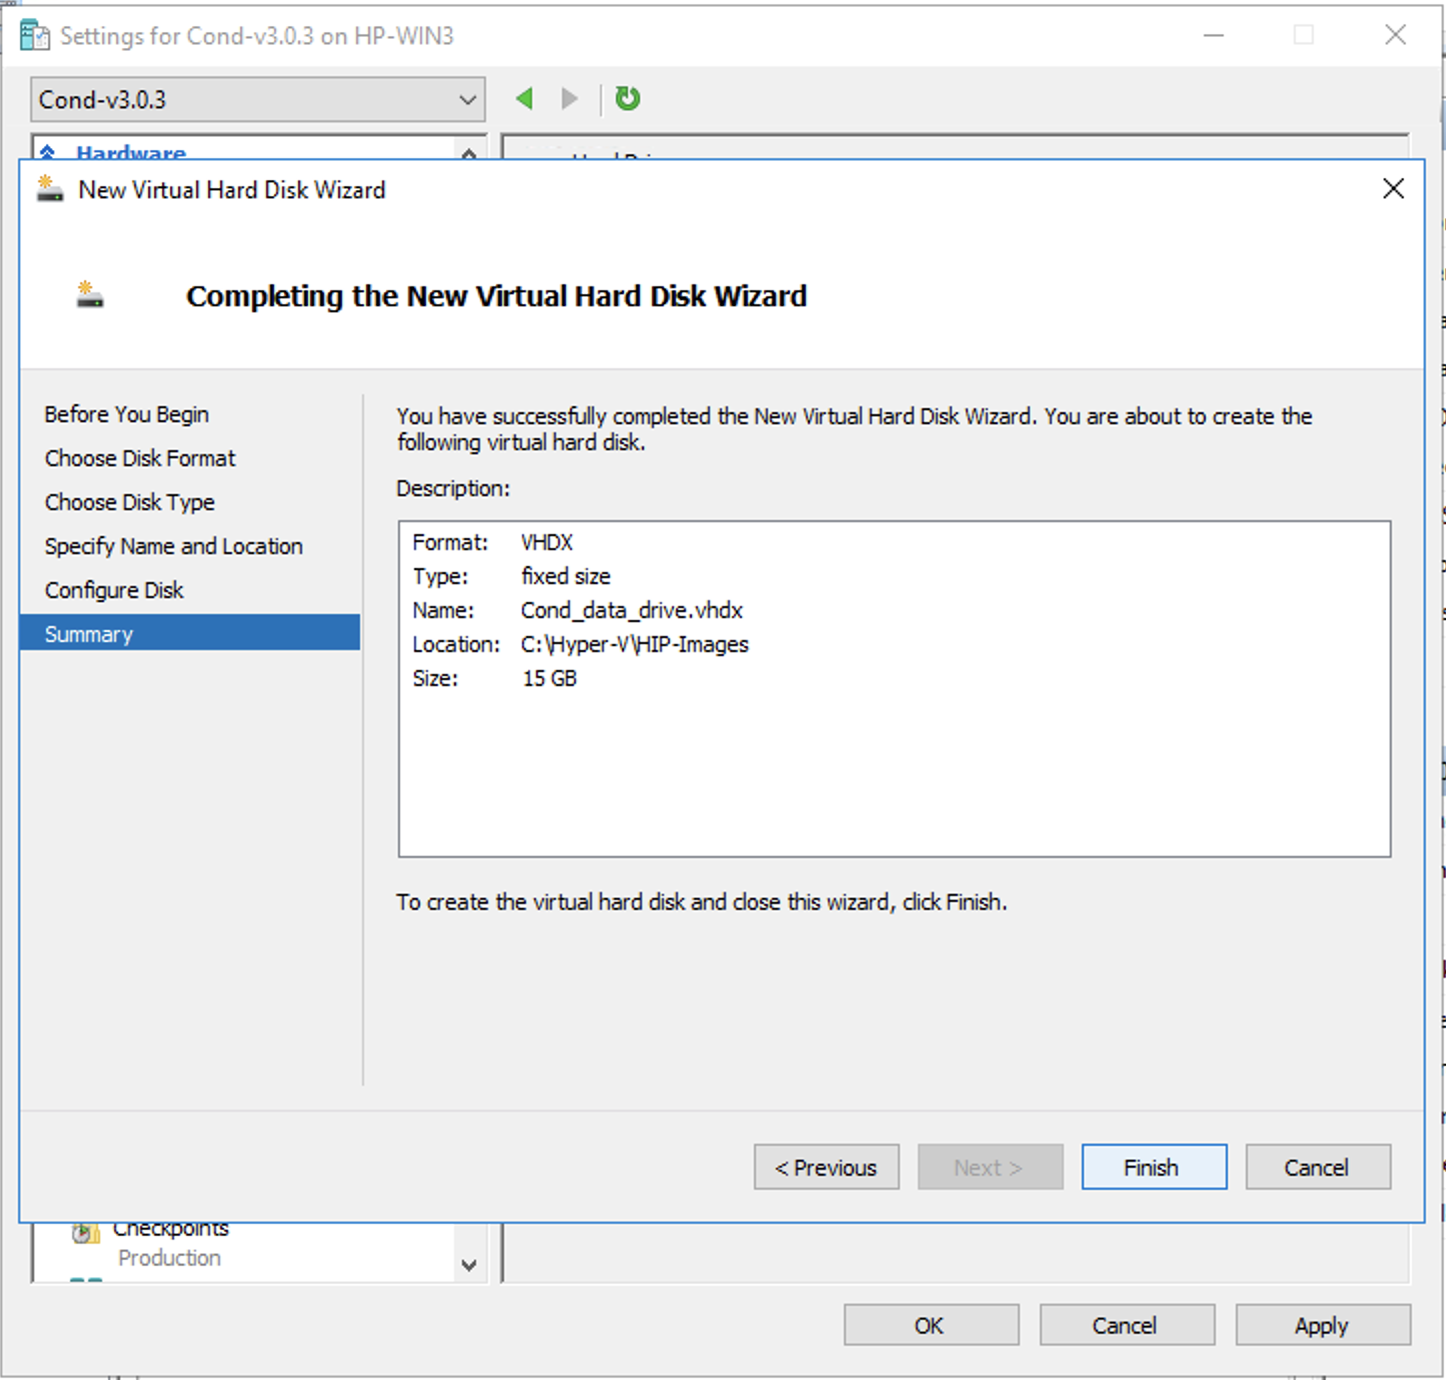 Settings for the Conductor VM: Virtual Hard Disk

====

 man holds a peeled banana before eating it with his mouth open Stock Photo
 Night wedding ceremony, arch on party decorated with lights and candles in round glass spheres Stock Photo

====

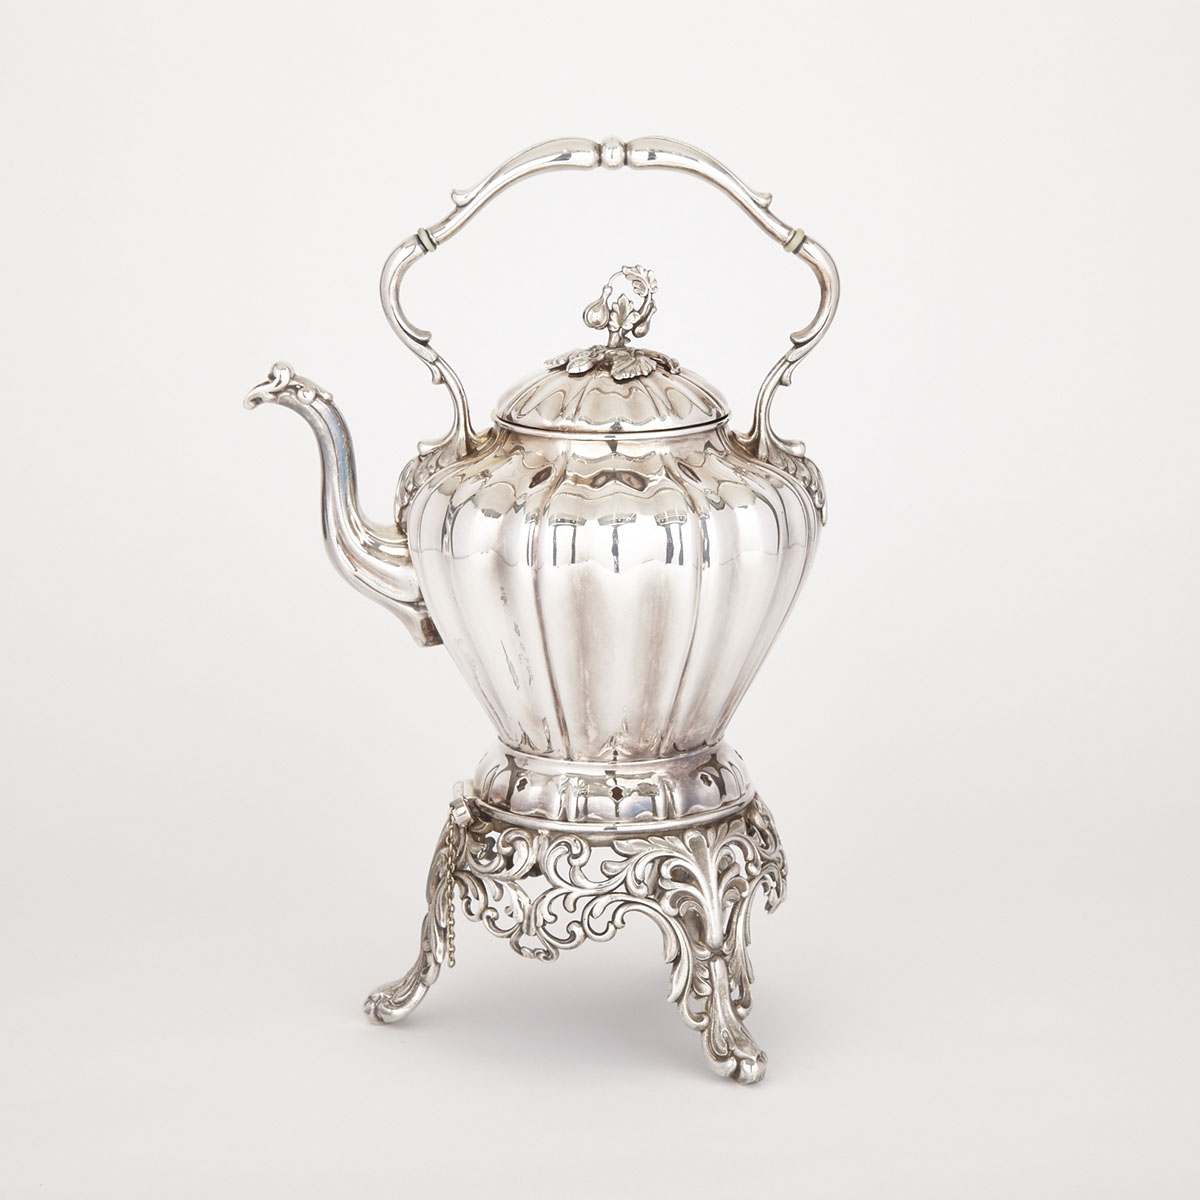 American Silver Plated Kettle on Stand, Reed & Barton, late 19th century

====

# Work to complete
Return all lines from the data above with "Photo" in them.

# Response for this exercise
 man holds a peeled banana before eating it with his mouth open Stock Photo
 Night wedding ceremony, arch on party decorated with lights and candles in round glass spheres Stock Photo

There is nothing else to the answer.